Further to this, I then want to aggregate (sum) away the stock to give me:

hour\day 1 2 3 4
1 2.04 2.2
2 3.2

How exactly do I do this? Thanks.

zenith7
  • 151
  • 1
  • 3
  • 8
  • `pivotdf = df.groupby("stock", "hour").pivot("day").agg((col("price_x_units") / col("units")).alias("ratio"))` `result = pivotdf.groupby("hour").agg(*[sum(col(str(day))).alias(str(day)) for day in range(1, 5)])` `result.show()` Should do the trick for you – Raky Aug 22 '23 at 07:03
  • Thanks @Raky. I tried that but the first command gives `AnalysisException: Aggregate expression required for pivot, but 'price_x_units' did not appear in any aggregate function.` – zenith7 Aug 22 '23 at 08:03

2 Answers2

1

After the pivot, you could compute the division for each day like this:

# extract the days that are present in the df:
days = set([i.split('_')[0] for i in pivoted_df.columns[2:]])
# you can also just use range(1, 32) if you are sure that all the days are in the df

pivoted_df\
    .select('stock', 'hour',
       *[(F.col(i+'_sum(price_x_units)') / F.col(i+'_sum(units)')).alias(i) for i in days]
    ).show()
+-----+----+-----------------+----+
|stock|hour|                1|   2|
+-----+----+-----------------+----+
|    A|   1|2.042857142857143| 2.2|
|    A|   2|             null| 1.0|
|    B|   2|              1.2|null|
+-----+----+-----------------+----+
Oli
  • 9,766
  • 5
  • 25
  • 46
0

you can try this :

from pyspark.sql import functions as F

data = [('A', 1, '1:10', 1, 2.1, 3, 6.3),
        ('A', 1, '1:15', 1, 2.0, 4, 8.0),
        ('A', 2, '1:03', 1, 2.2, 2, 4.4),
        ('A', 2, '2:45', 2, 1.0, 4, 4.0),
        ('B', 1, '2:12', 2, 1.2, 5, 6.0)]

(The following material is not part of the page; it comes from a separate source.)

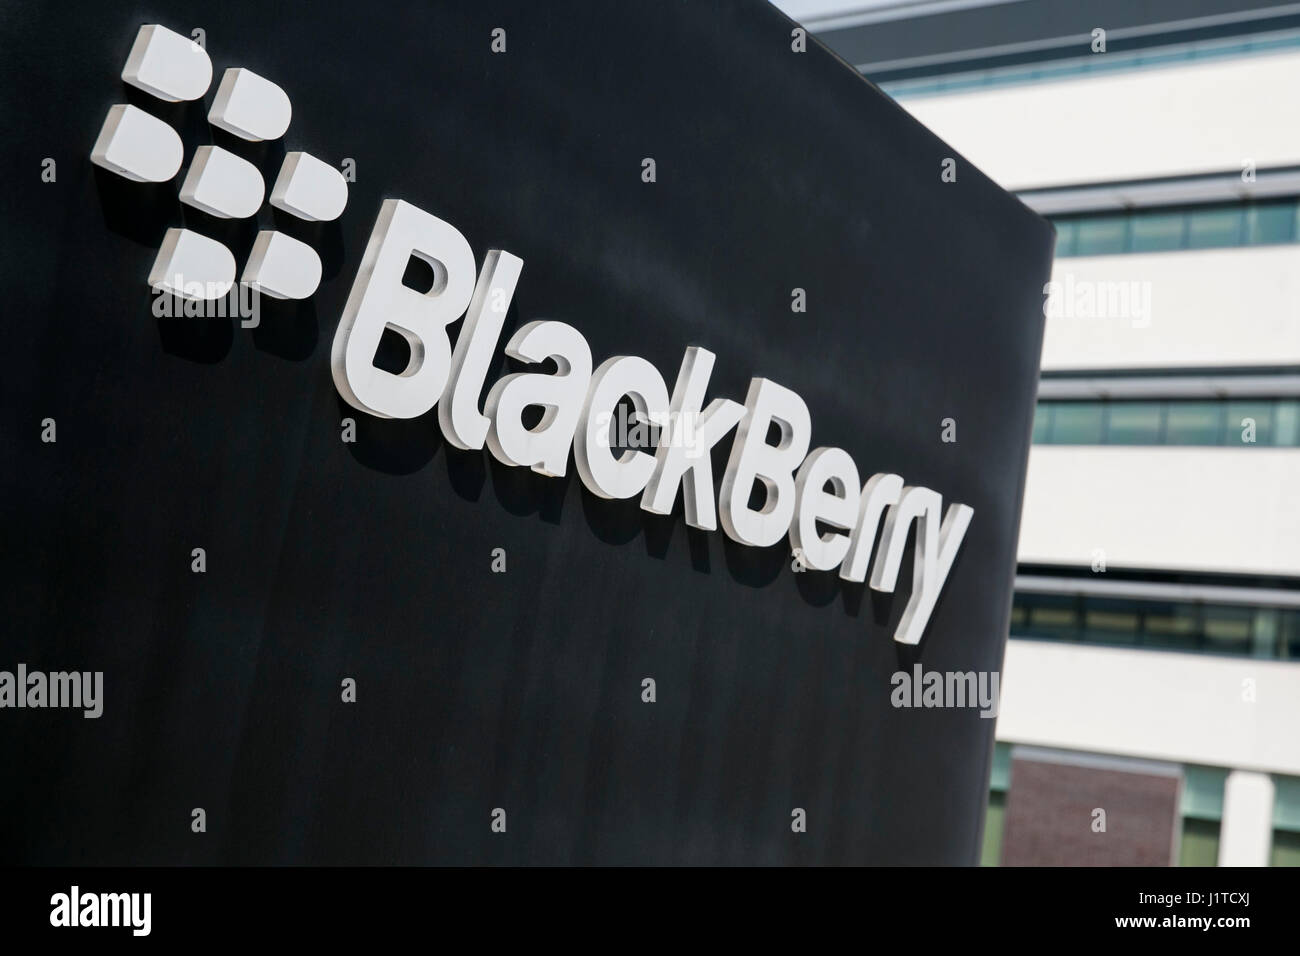 A logo sign outside of the headquarters of BlackBerry Limited, in Waterloo, Ontario, Canada, on April 15, 2017. Stock Photo

df = spark.createDataFrame(data, ["stock", "day", "time", "hour", "price", "units", "price_x_units"])

df = df.withColumn("avg_price", F.col("price_x_units") / F.col("units"))

pivotdf = df.groupby("stock", "hour").pivot("day").agg(F.sum("avg_price"))

pivotdf.show()

result = pivotdf.groupBy("hour").sum()
result = result.drop("stock").orderBy("hour")

result.show()

Aymen Azoui
  • 369
  • 2
  • 4